Friday, April 7, 2023
Dedicated students, distinguished colleagues and dear friends,
Imagine for a moment the excitement of a highly accomplished 17-year-old high school graduate anxiously arriving on campus to start a rigorous program in engineering. Having heard all about the academic challenges ahead, along with life-enhancing opportunities that an S&T education offers, only to encounter a deeply segregated community withholding the most basic of services!
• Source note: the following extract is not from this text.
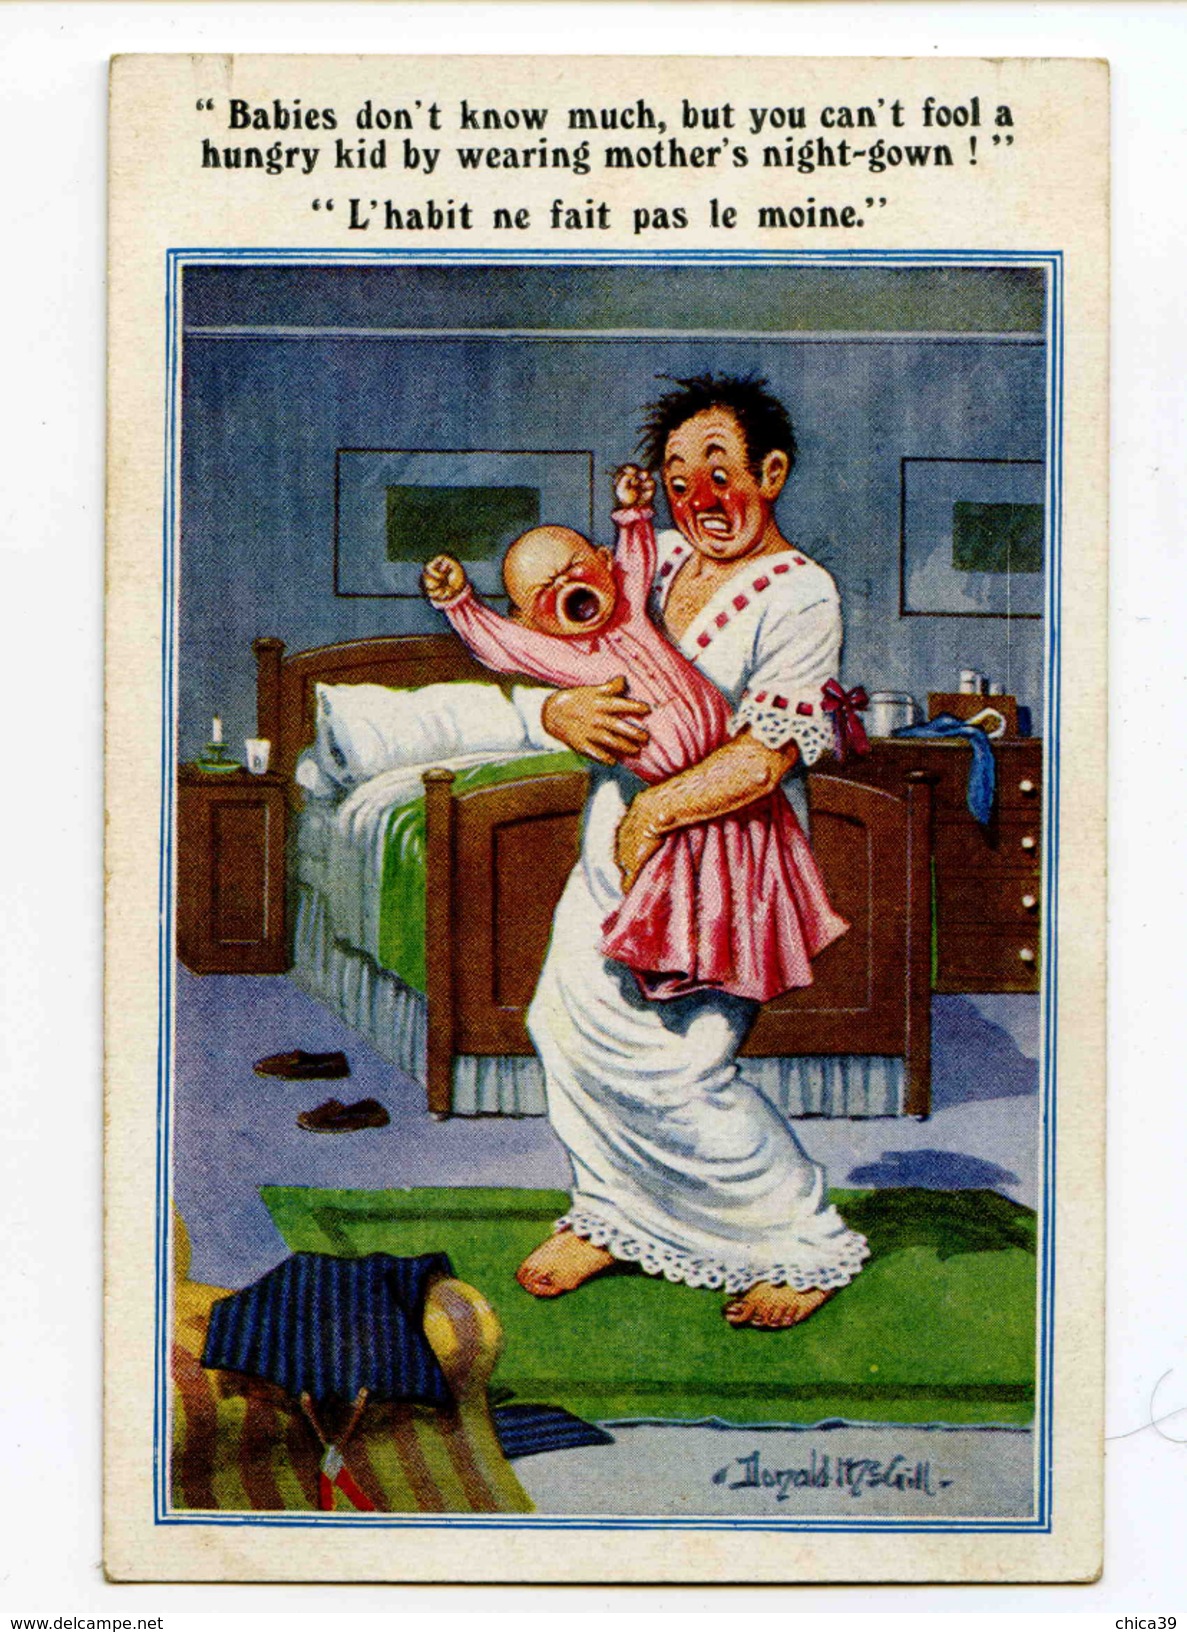 C 18961 - D. Mc Gill - L'habit Ne Fait Pas Le Moine - Babies Don't Know Much, But You Can't Fool A Hungry Kid By W...... - Mc Gill, Donald

Last week, I had the great opportunity to meet with George E. Horne, our true pioneer of integration and one of the two first Black students to attend our university in 1950. The other, Elmer Bell Jr., passed away earlier. I visited Mr. Horne at his home in St. Louis to present him with the Chancellor Medal, our university’s highest honor, reserved for those who have contributed to the well-being, growth and development of S&T.
Born in 1932, George E. Horne and Elmer Bell Jr. grew up in the Ville section of St. Louis and attended segregated schools there. George was just 17 in 1949 when he took on the challenge of defeating segregation at S&T, then known as the Missouri School of Mines and Metallurgy (MSM), and all public colleges and universities in Missouri. He was aided by a trio of attorneys from the NAACP.
Because the School of Mines and Metallurgy in Rolla did offer engineering degrees, the university would be denying the two students the “equal protection” of the law guaranteed in the 14th Amendment to the U.S. Constitution if it refused to admit them. On June 27, 1950, Judge Sam C. Blair agreed, ruling that they must be admitted. The two young men arrived in Rolla on September 6 and registered for classes at S&T (MSM).
As highlighted in our Forged in Gold: Missouri S&T’s First 150 Years, when George and Elmer arrived in Rolla, they encountered a town that was deeply segregated. While they had no trouble with their professors, the bigotry they encountered in the community led them to transfer after their first semester.
“Horne and Bell arrived in Rolla in time for freshman orientation week and found accommodations in the campus’s first dormitory. When they tried to get a meal downtown, they encountered Rolla’s segregation practices. Not only were they not admitted into the restaurant, but also, they learned that the restaurant owner called Chancellor Curtis Laws Wilson to instruct him to keep the Black students away from his business.”
Despite these encounters, “Rolla was a good experience for me,” said Mr. Horne about his time on our campus. “Even though it wasn’t fruitful for me, it was fruitful for others who came after me.”
Indeed, George and Elmer paved the way for future Black students to enroll and become successful, including Lelia Thompson Flagg, who became the first Black student to graduate with an engineering degree from S&T a decade after George and Elmer arrived in Rolla – and was one of the few women to study engineering at our school at the time.
Mr. Horne, you will be proud to know that on your 91st birthday last week, our National Society of Black Engineers chapter was honored as the best chapter in the nation, a testament to your pioneering effort. You were the first, the vanguard, who inspired generations of Black students to dream and to make that dream become reality here on our campus. Thank you for your relentless and, in retrospect, emotional and indeed spiritual leadership in righting a long-standing wrong. I think I speak for the entire S&T community when I say thank you sir for paving the way and for making your courageous aspiration our inspiration. Please know that we all have collectively risen to new highs because of the gift of courage that you bestowed on our university long ago, when it was so desperately needed.